# List of Required Books for an apprentice



## erics37 (May 7, 2009)

Are you in a JATC program?

If you are, and your JATC is on the standard National JATC curriculum, I can provide you with a year-by-year book list (I'm a JATC instructor).

As an alternative to purchasing the books, try renting them. I've rented quite a few textbooks at chegg.com and it works great, a lot cheaper too.


----------



## brian john (Mar 11, 2007)

HellzBellz said:


> Does anyone have a list of the books that an apprentice is required to have broken down by year?
> 
> Our school makes us pay for books, and they are pretty expensive. $550. Thinking I can get them used off Amazon in the future.
> 
> ...


Books do change from year to year and trying to get a list in advance could be expensive, if the school changes the required reading. There is no reason you cannot go to class the first night get that years assigned reading material, order from Amazon that same night and have them 3-5 days later.


----------



## Mike_586 (Mar 24, 2009)

HellzBellz said:


> I asked the director of my school about it, but he said it would be pointless because the books online will be out-dated.


Your director is right. Brian gave you the advice you need.

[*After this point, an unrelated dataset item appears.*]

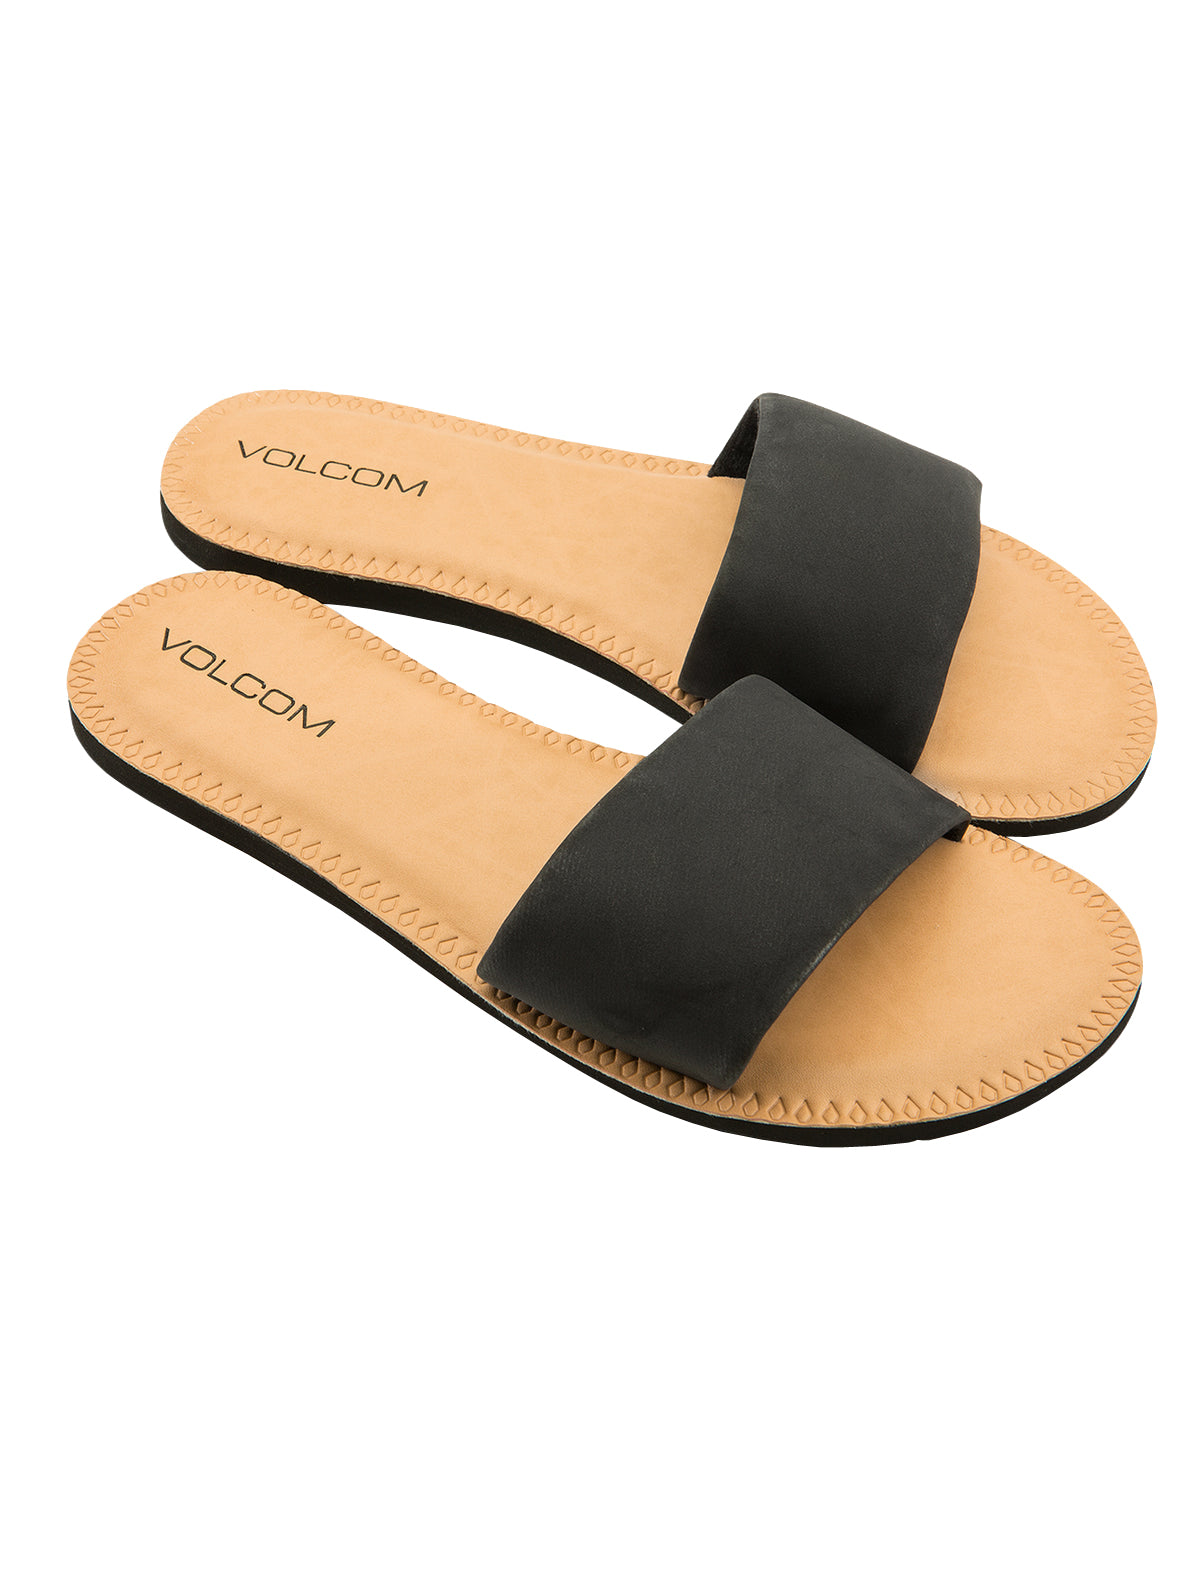 Volcom Simple Slide Womens Sandal BLK-Black 5

Its a very common game in academic circles to re-publish textbooks every few years and simply re-arrange the material with the only real changes being to the layout and to the practice questions. The like selling every intake new books and keeping the old ones from being recirculated. 

I few times when I took courses they had just changed the textbooks and I had a chance to compare the two revisions and the changes were pretty much just as I said. The material was 99.9% the same, but the layout and page numbers altered to make it impossible to follow the curriculum simply because page numbers and practice questions were altered to force the previous version to become obsolete.


Anyway, although it isn't what you're asking for, here's a few good open source books that I'd suggest you take a look at. Might be useless as far as the course goes, but its textbook quality, completely free and legal to download and a great source of reference. Its also periodically updated, since I discovered these books several years ago, contributors have been making minor revisions and corrections.

http://openbookproject.net/electricCircuits/


----------



## MollyHatchet29 (Jan 24, 2012)

erics37 said:


> Are you in a JATC program?
> 
> If you are, and your JATC is on the standard National JATC curriculum, I can provide you with a year-by-year book list (I'm a JATC instructor).
> 
> As an alternative to purchasing the books, try renting them. I've rented quite a few textbooks at chegg.com and it works great, a lot cheaper too.



Would you mind passing on the book list to me? I'm in a JATC program (Richmond). Thanks so much!


----------



## MidwestJW (Oct 13, 2011)

KLovelace29 said:


> Would you mind passing on the book list to me? I'm in a JATC program (Richmond). Thanks so much!


U might want to check with your training center, we were required to purchase them From the school


----------